Segment Start: Source material

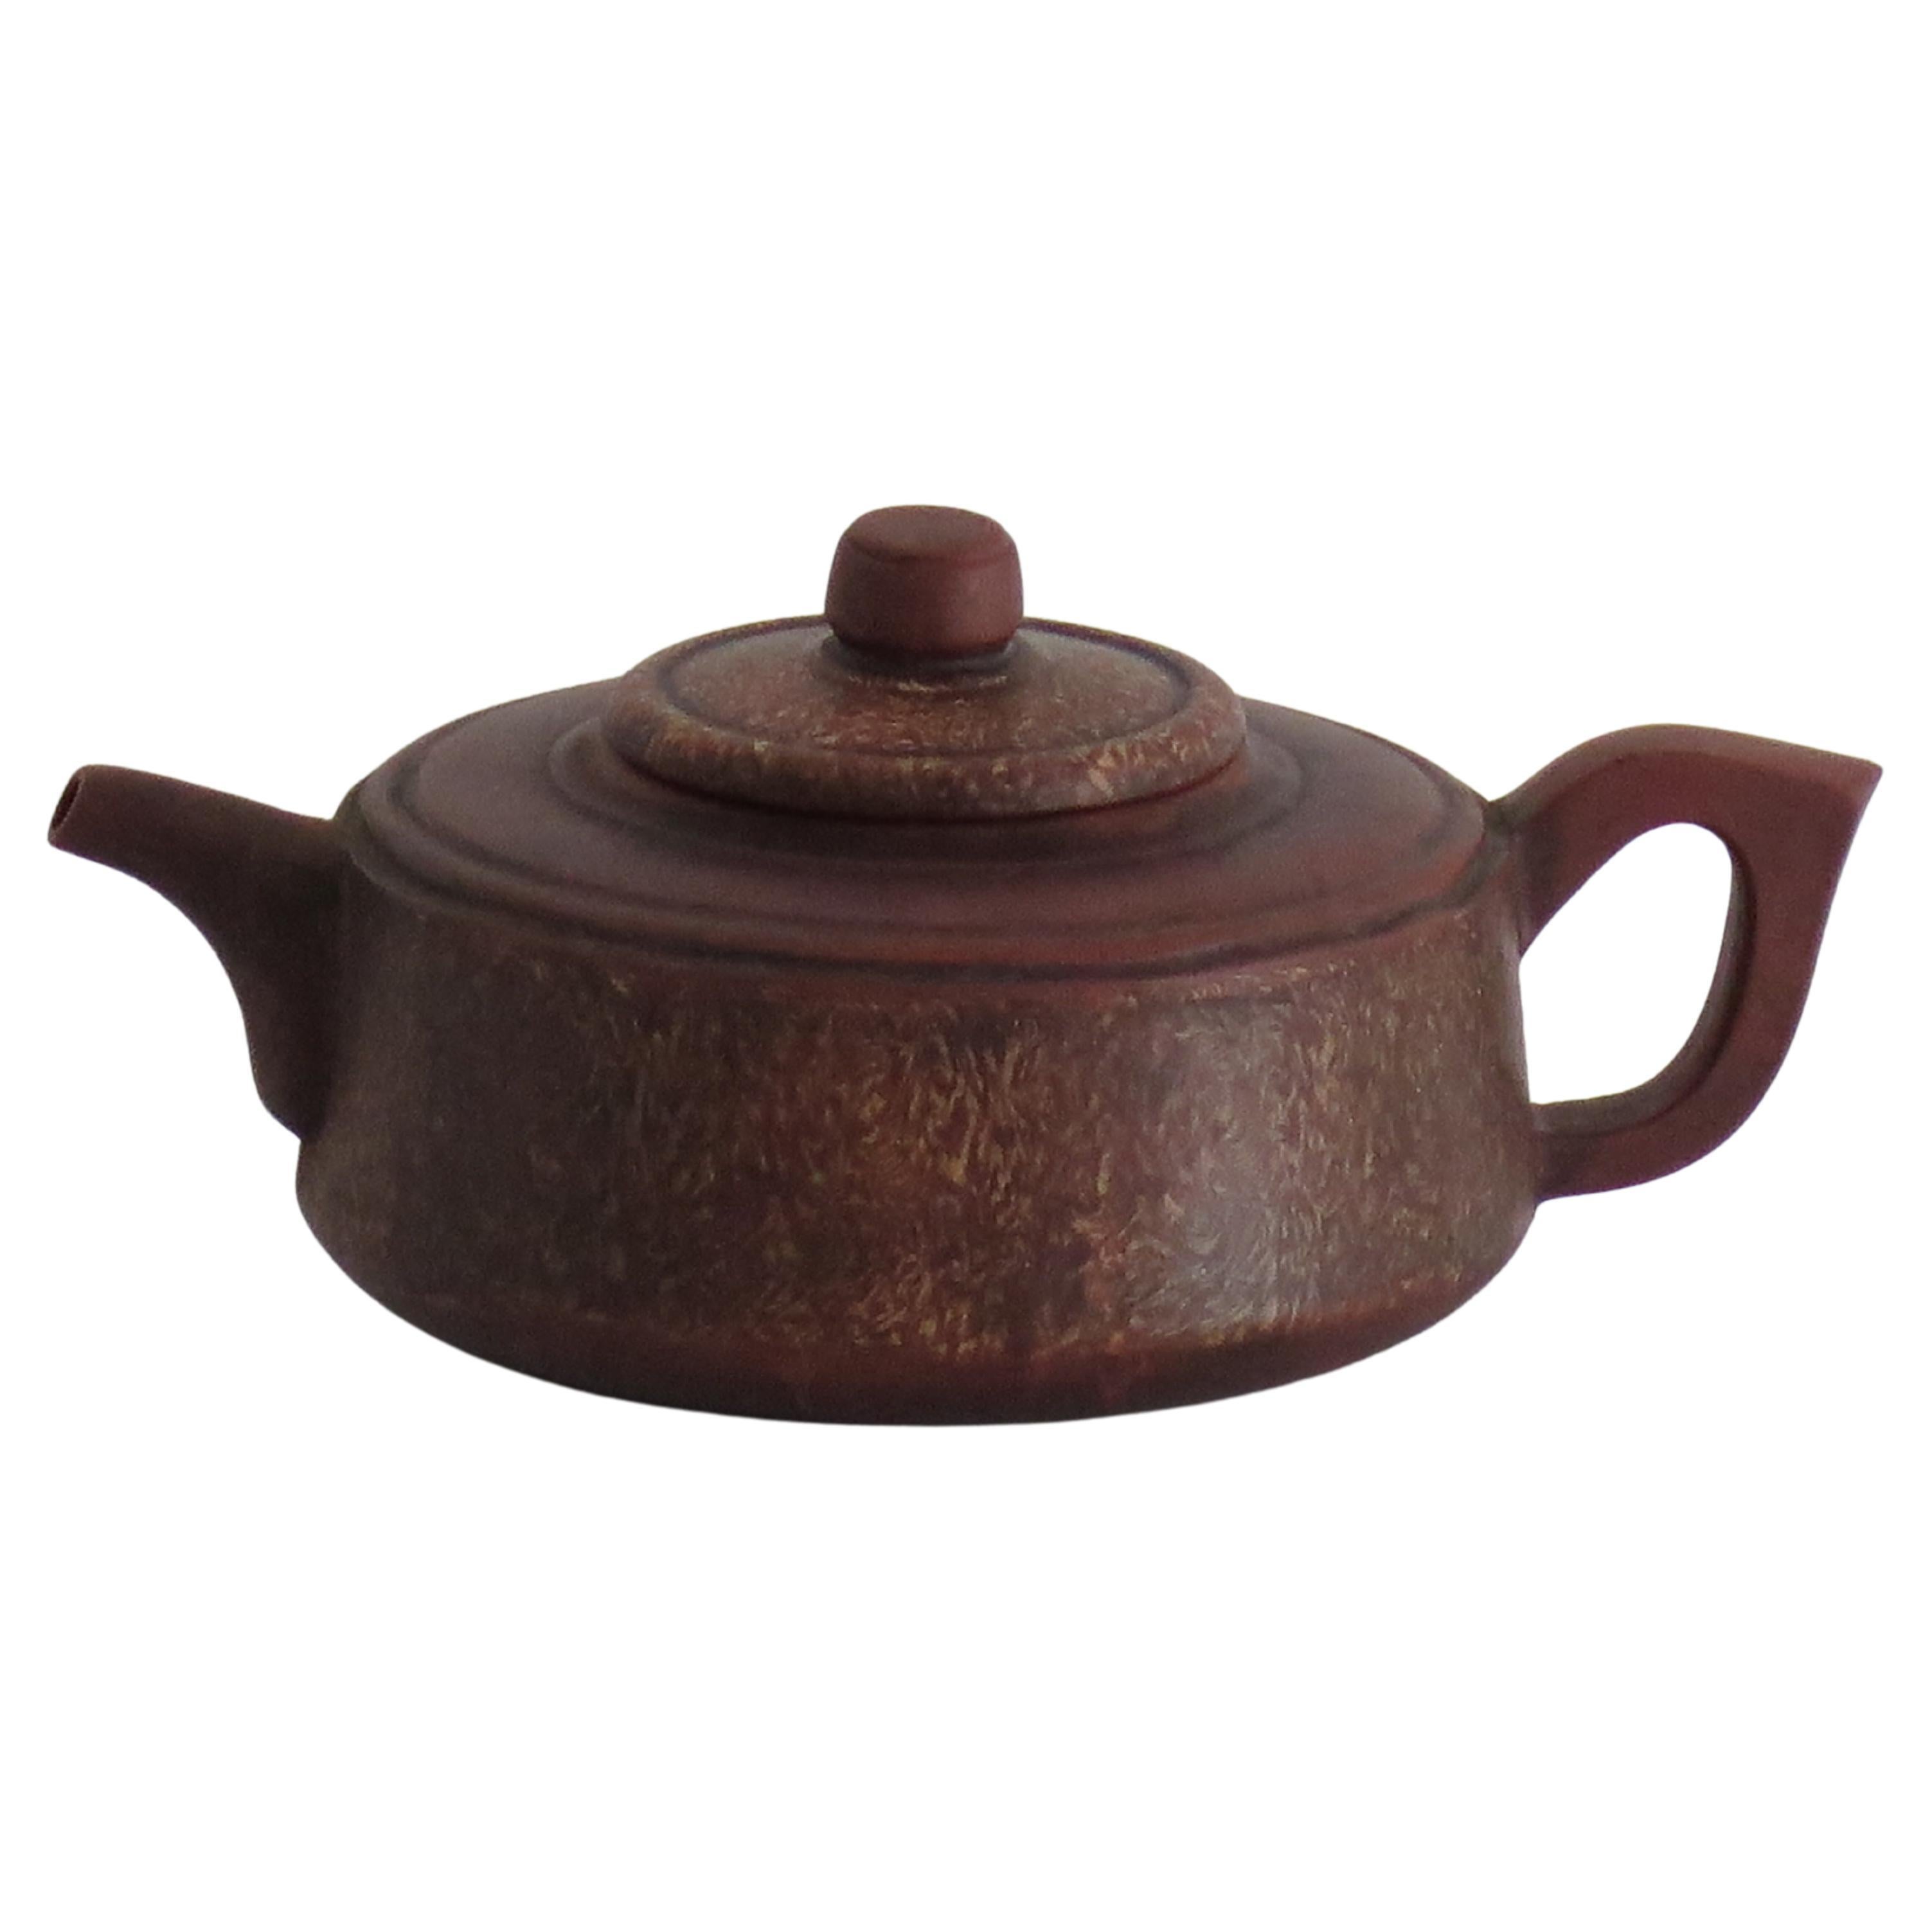 This is an antique Chinese hand potted Red Clay YIXING Teapot and cover, fully marked and dating  to the early 20th Century.

The Teapot and lid are hand-potted in an interesting compressed squat shape and made of Red Clay stoneware. The lid has a
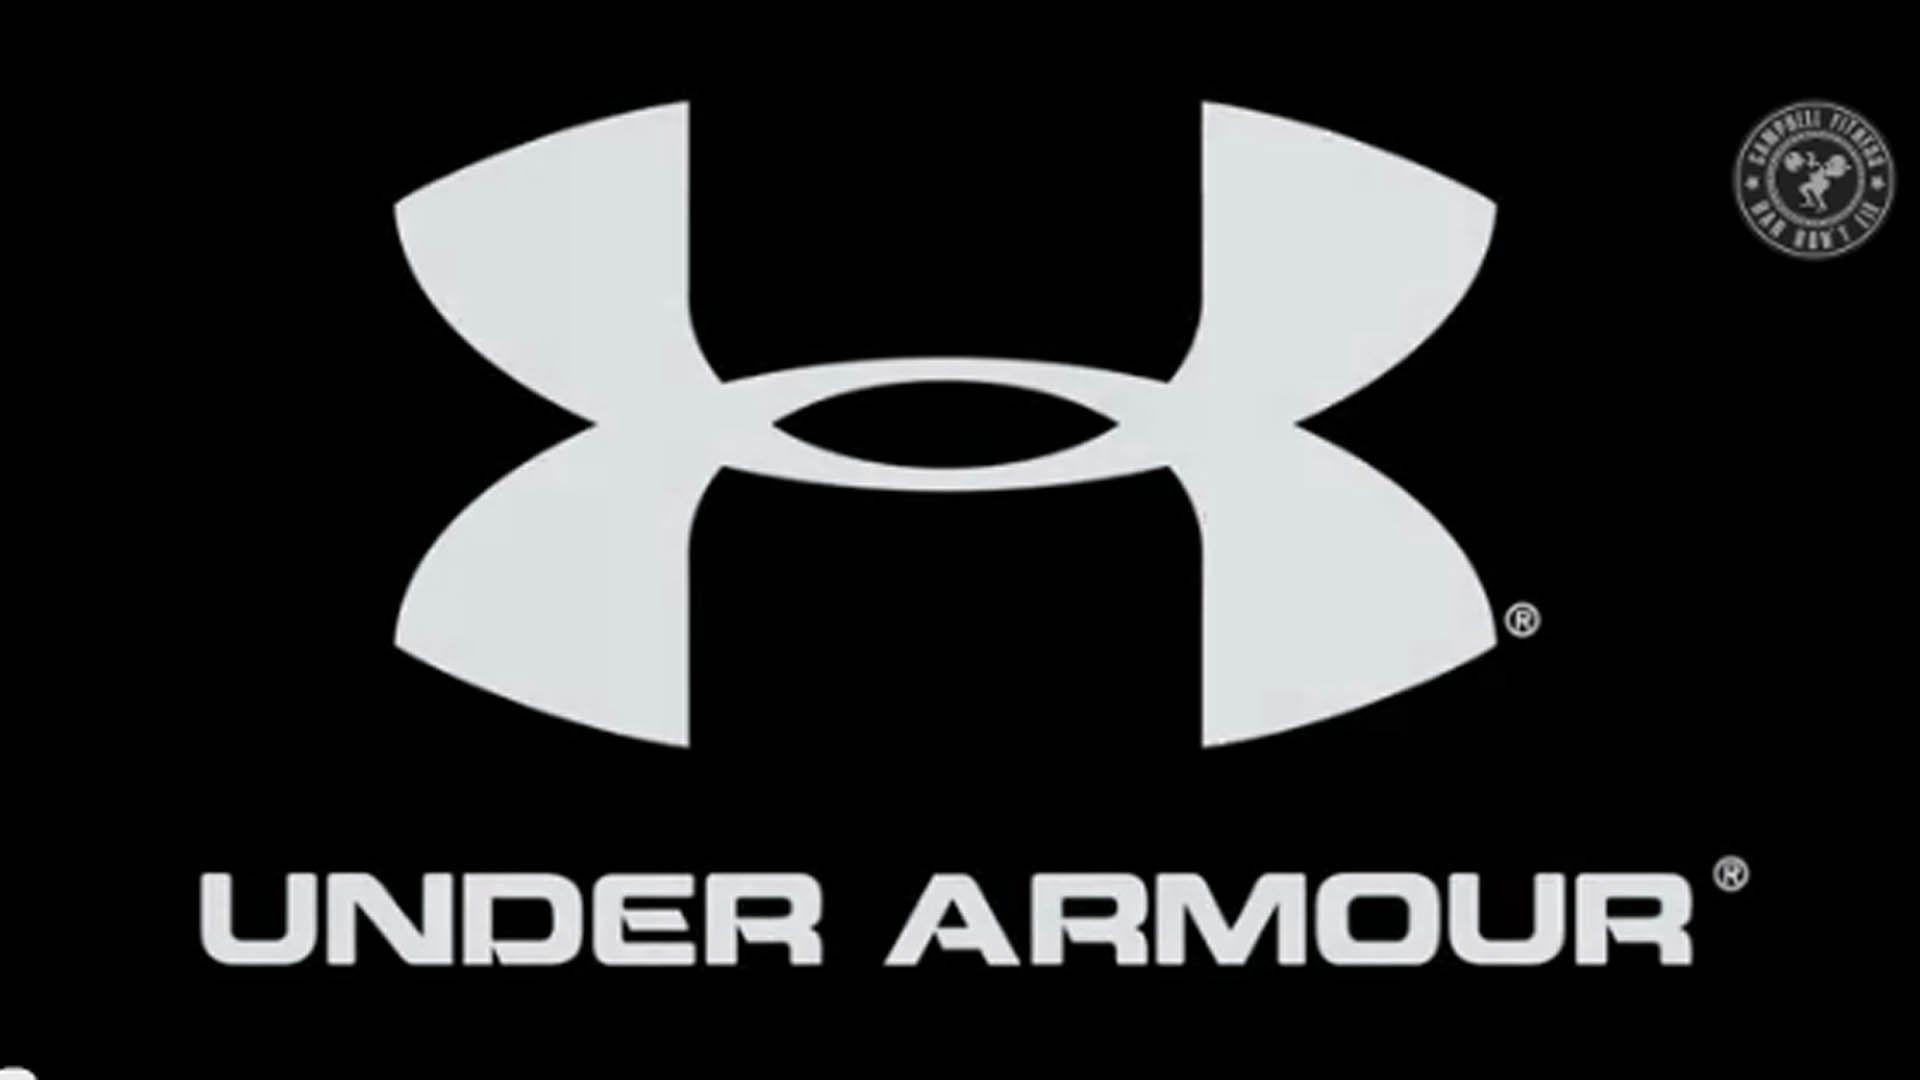 1920x1080 Under Armour Wallpapers HD | HD Wallpapers, Backgrounds, Images .
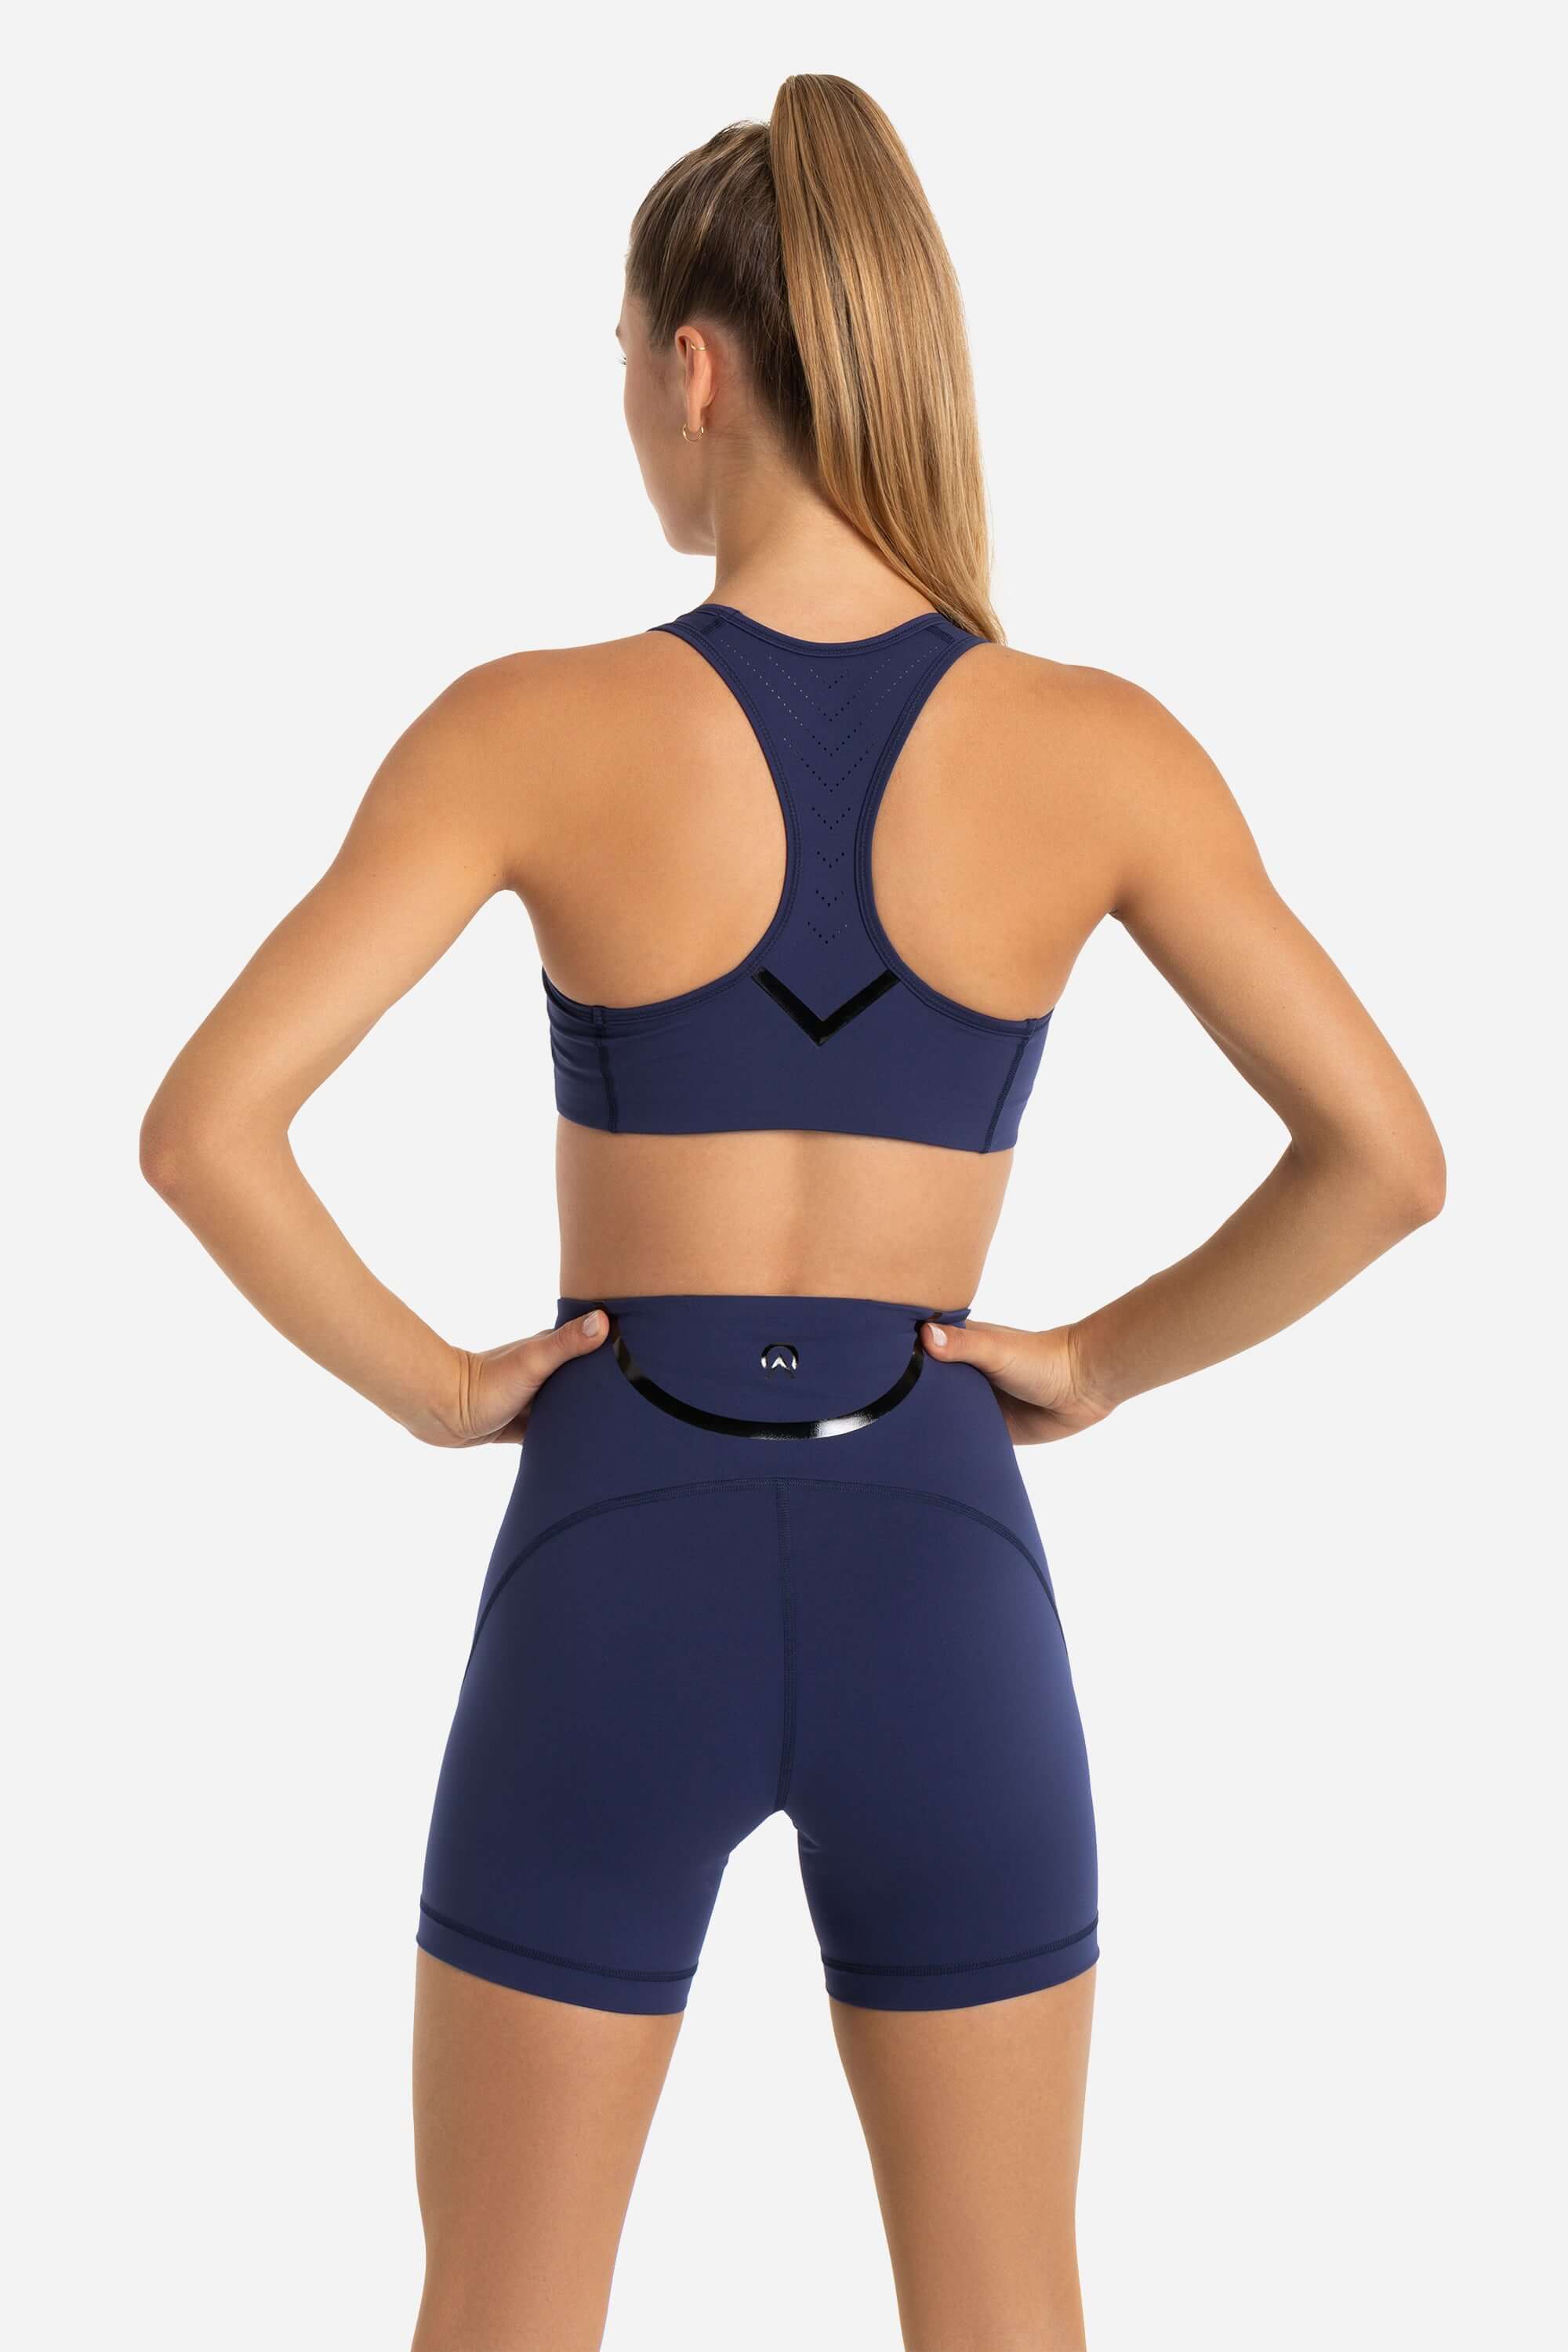 women in sports bra and short tights in blue

Segment End: Source material

• [Task]
Would you return the data exactly as written, without the pictures?

• [Exercise solution]
 This is an antique Chinese hand potted Red Clay YIXING Teapot and cover, fully marked and dating  to the early 20th Century.

The Teapot and lid are hand-potted in an interesting compressed squat shape and made of Red Clay stoneware. The lid has a
 1920x1080 Under Armour Wallpapers HD | HD Wallpapers, Backgrounds, Images .
 women in sports bra and short tights in blue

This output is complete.